Running & Verifying Experiment Execution

Find below the commands to deploy this application and check its execution.

$ e2clab layers-services ~/git/provenance-tutorial/ ~/git/provenance-tutorial/artifacts/

The Provenance Service GUI is available at:

  • ssh -NL 22000:localhost:22000 gros-86.nancy.grid5000.fr

../_images/prov_gui.png

Figure 1: Provenance Service GUI (DfAnalyzer)

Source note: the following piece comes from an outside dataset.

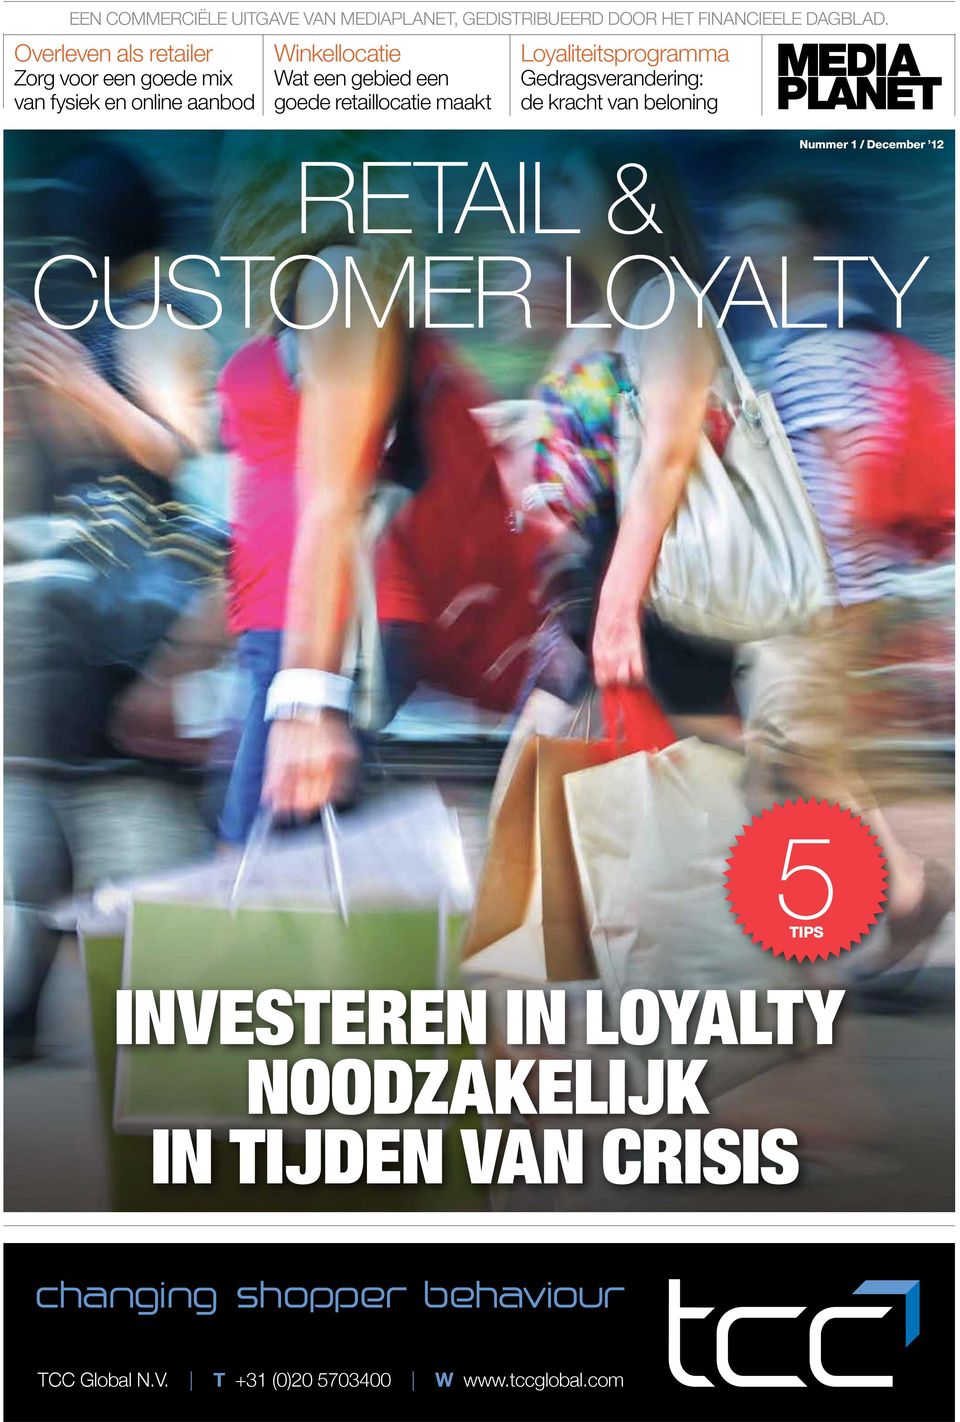 goede retaillocatie maakt Loyaliteitsprogramma Gedragsverandering: de kracht van beloning RETAIL & Nummer 1 /

$ e2clab workflow ~/git/provenance-tutorial/ prepare
$ e2clab workflow ~/git/provenance-tutorial/ launch

Deployment Validation & Experiment Results

We can access the database as follows:

$ ssh root@gros-86.nancy.grid5000.fr
$ docker exec -it dfanalyzer bash
$ monetdb status
$ mclient dataflow_analyzer

With \d you can list all tables.

../_images/prov_tables.png

Figure 2: Tables in the provenance database

After model training on G5K node and FIT IoT LAB device, we can visualize the training results as presented in Figure 3: Model input (hyperparameters) and Figure 4: Model output (accuracy and training time).

../_images/prov_in.png

Figure 3: Model input (hyperparameters)

../_images/prov_out.png

Figure 4: Model output (accuracy and training time)

After multiple model evaluations, thanks to provenance data capture during model training, users can easily answer the following research question:

  • What are the model hyperparameters that obtained an accuracy value above 90%?

../_images/prov_rq.png

Figure 5: What are the model hyperparameters that obtained an accuracy value above 90%?

Saving the Experiment Results

$ e2clab finalize ~/git/provenance-tutorial/

The experiment results will be saved at:

$ ls ~/provenance-tutorial/20231120-102842/
$ layers_services-validate.yaml
$ provenance-data/                  # contains the 'provenance_database.sql' file.
$ workflow-validate.out